There are many positives that they didn’t get before. Most of that is going to be airplanes, whatever it may be,” said Kayyem, a former assistant secretary at the Department of Homeland Security.

“What we can’t answer now is, is this bigger aperture picking up lots of stuff that has essentially been forgiven, around in the skies, because it didn’t pose a threat, or is it part of something organized for whatever surveillance?”

There was more confusion on Sunday. Schumer said on ABC’s “This Week” that the two objects shot down over Alaska were balloons, but smaller than the original Chinese attacker, after he said he had already been briefed by Jake Sullivan.

If there is any confirmation that the latest objects are connected to a Chinese balloon, it would be a direct link.

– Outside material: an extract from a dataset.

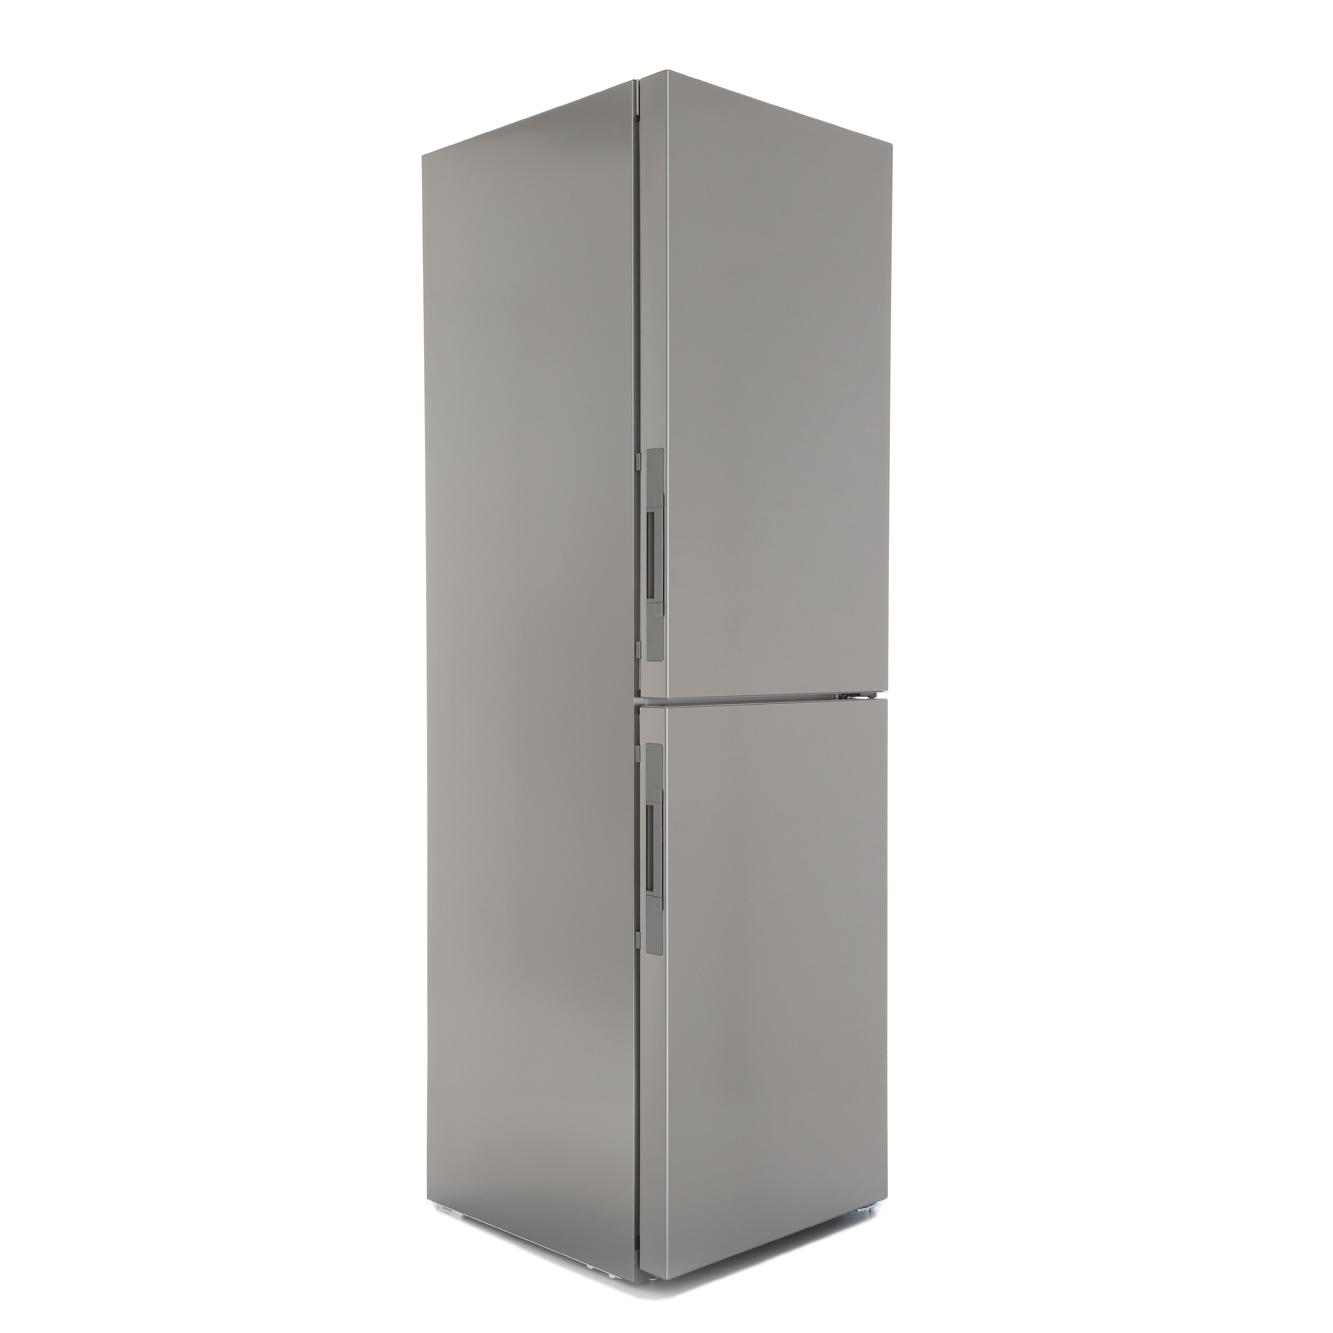 Miele KFN29243D Stainless Steel Fridge Freezer
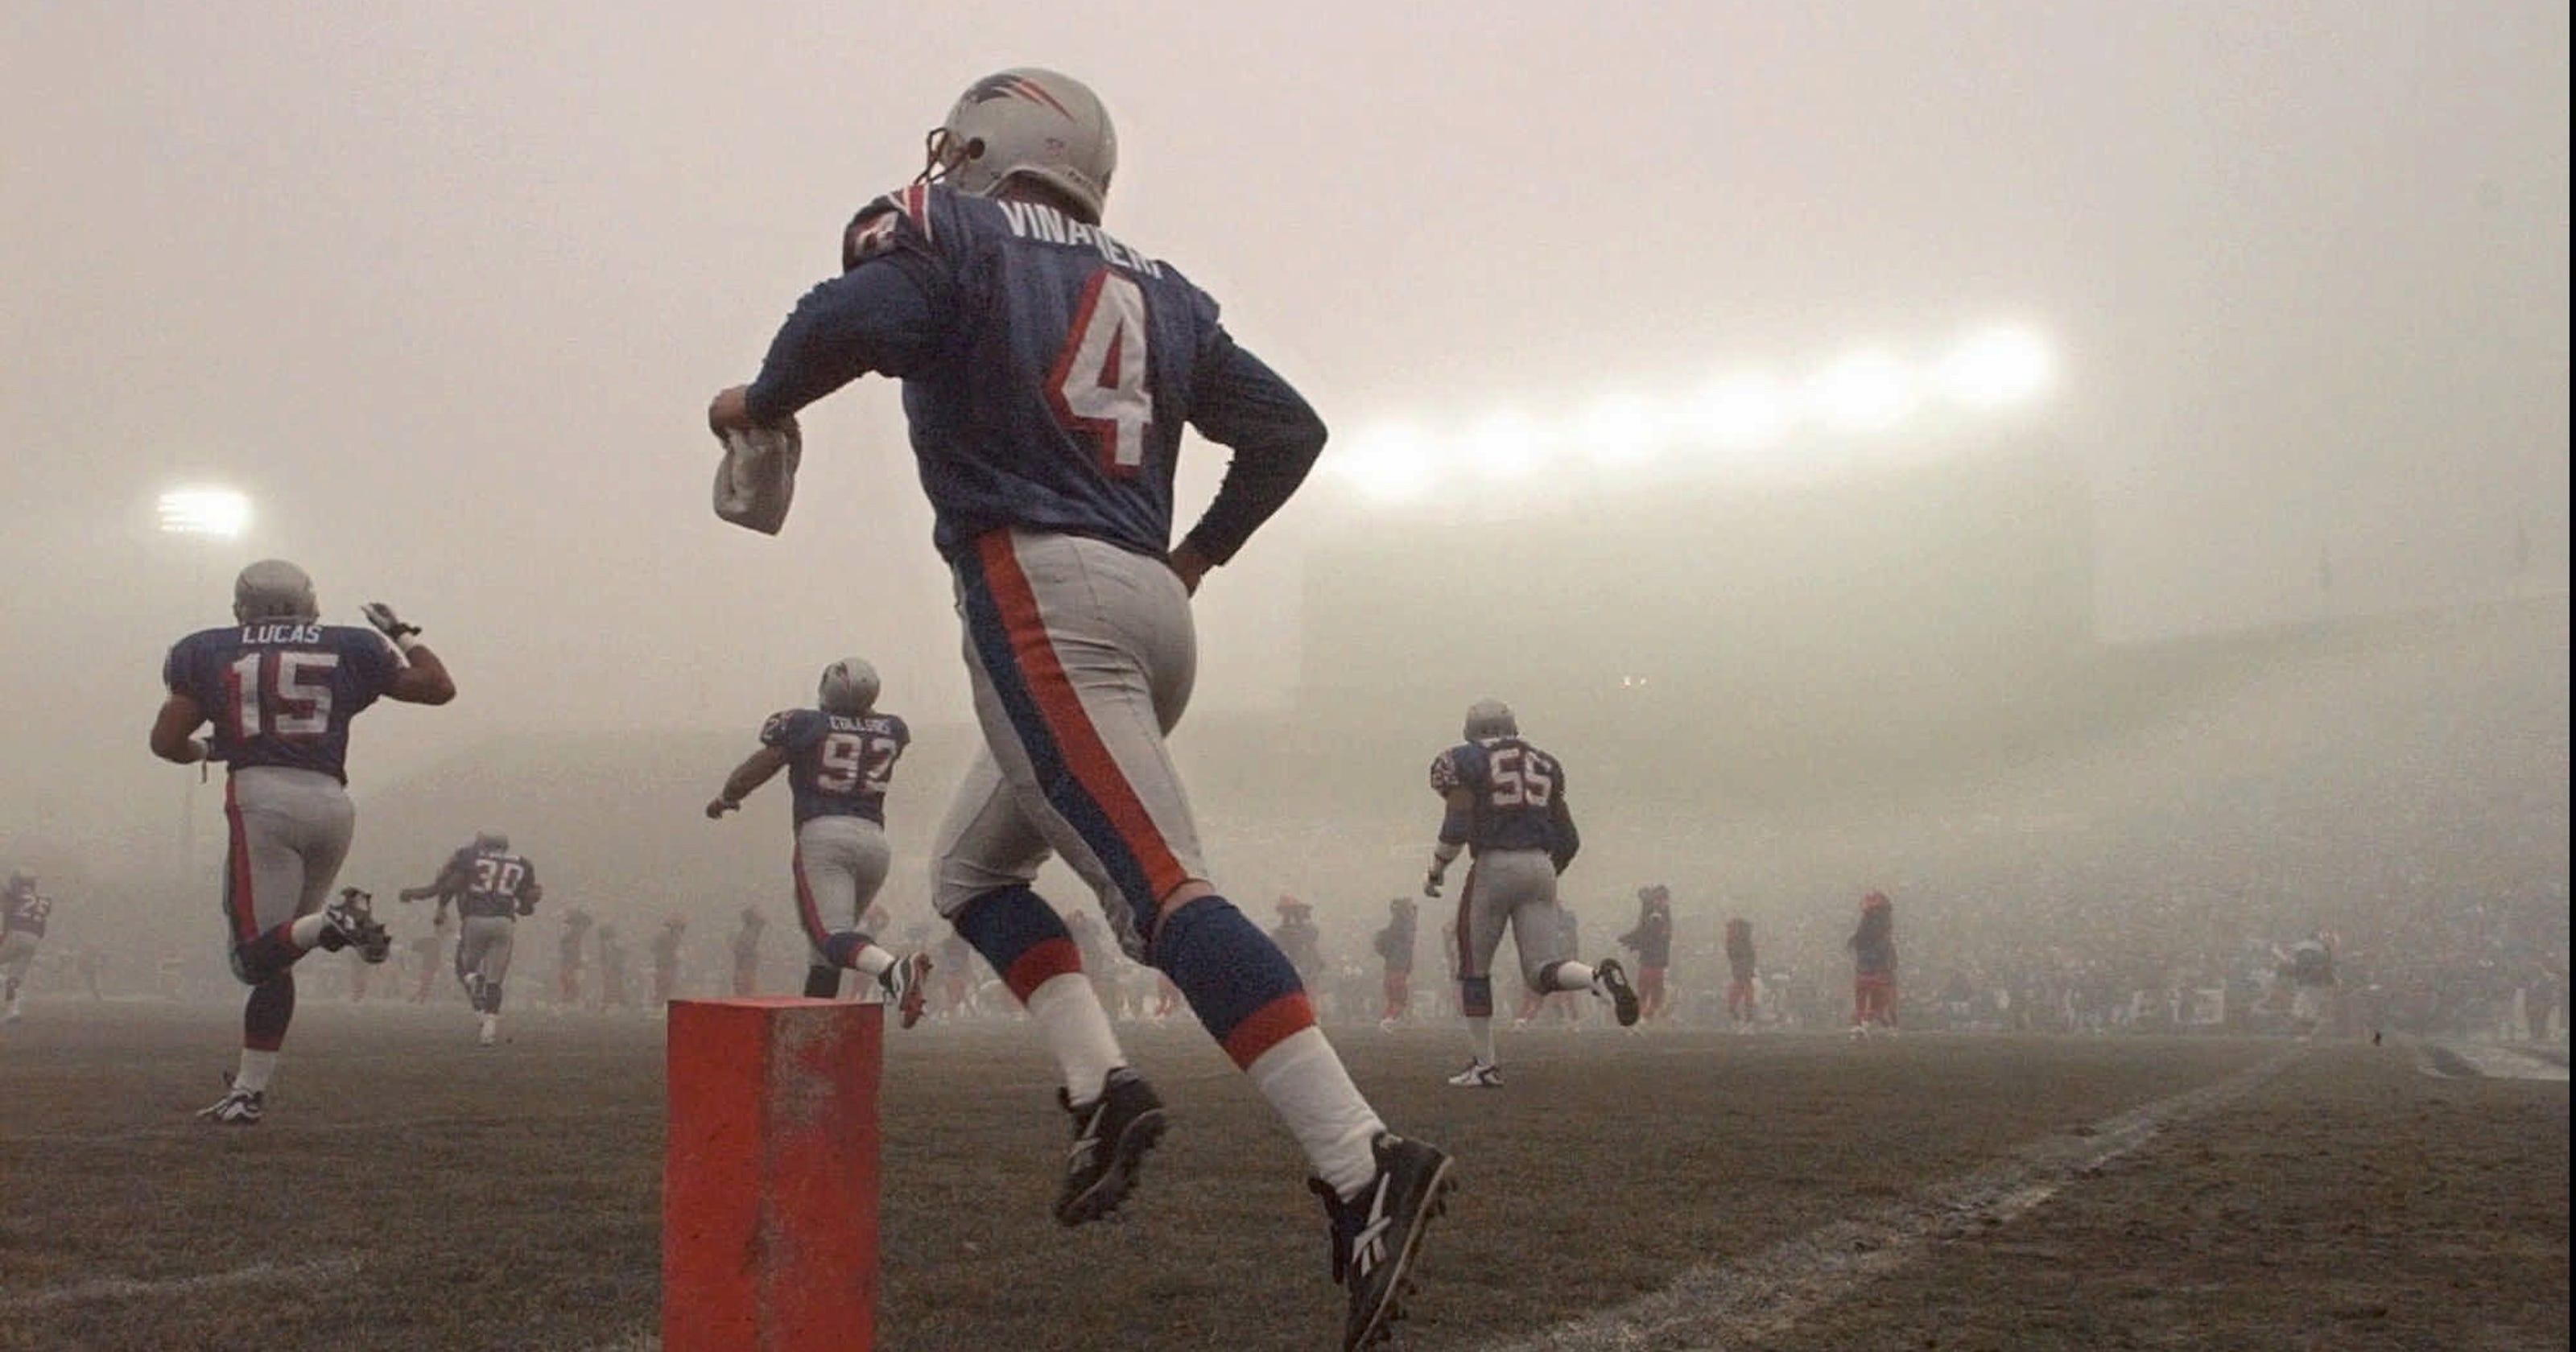 1a69655cc9b Indianapolis Colts: The kick that saved Adam Vinatieri's career

“Going out and looking for something” — a White House spokesman warned on the recent “balloon flight” to the heart of the United States

“It doesn’t give me much safe feelings knowing that these devices are smaller,” he said. “I am very concerned with the cumulative data that is being collected. … I need some answers, and the American people need answers.”

There is no indication of aliens or extraterrestrial activity with these recent take-down actions. I wanted to make sure that the American people knew that, all of you knew that, and it was important for us to say that from here because we’ve been hearing a lot about it.

White House press secretary Karine Jean-Pierre made it clear when speaking to journalists on Monday that there will be no calls for Agent Mulder and Agent Scully to make a return:

This particular action, sending the balloon to the heart of the United States was an irresponsible thing to do and a violation of international law. So that’s what’s critical. But it doesn’t take away from the fact that we are committed to finding ways to responsibly manage it, to engage.”

These have been happening before, and we haven’t detected them. There have been detections where our radars have picked up various phenomenon. The equipment they detected was not that well-equipped and we haven’t been able to clearly define what it was. It cannot discern down to an exquisite level of detail what an anomaly in the air might be. And then the other thing is, occasionally we will pick up weather phenomena which will indicate, you know, that there’s a presence of something, maybe a balloon or an aircraft. And it turns out to be a weather anomaly just in the atmosphere. And again, some of this could be corrected with newer technologies.”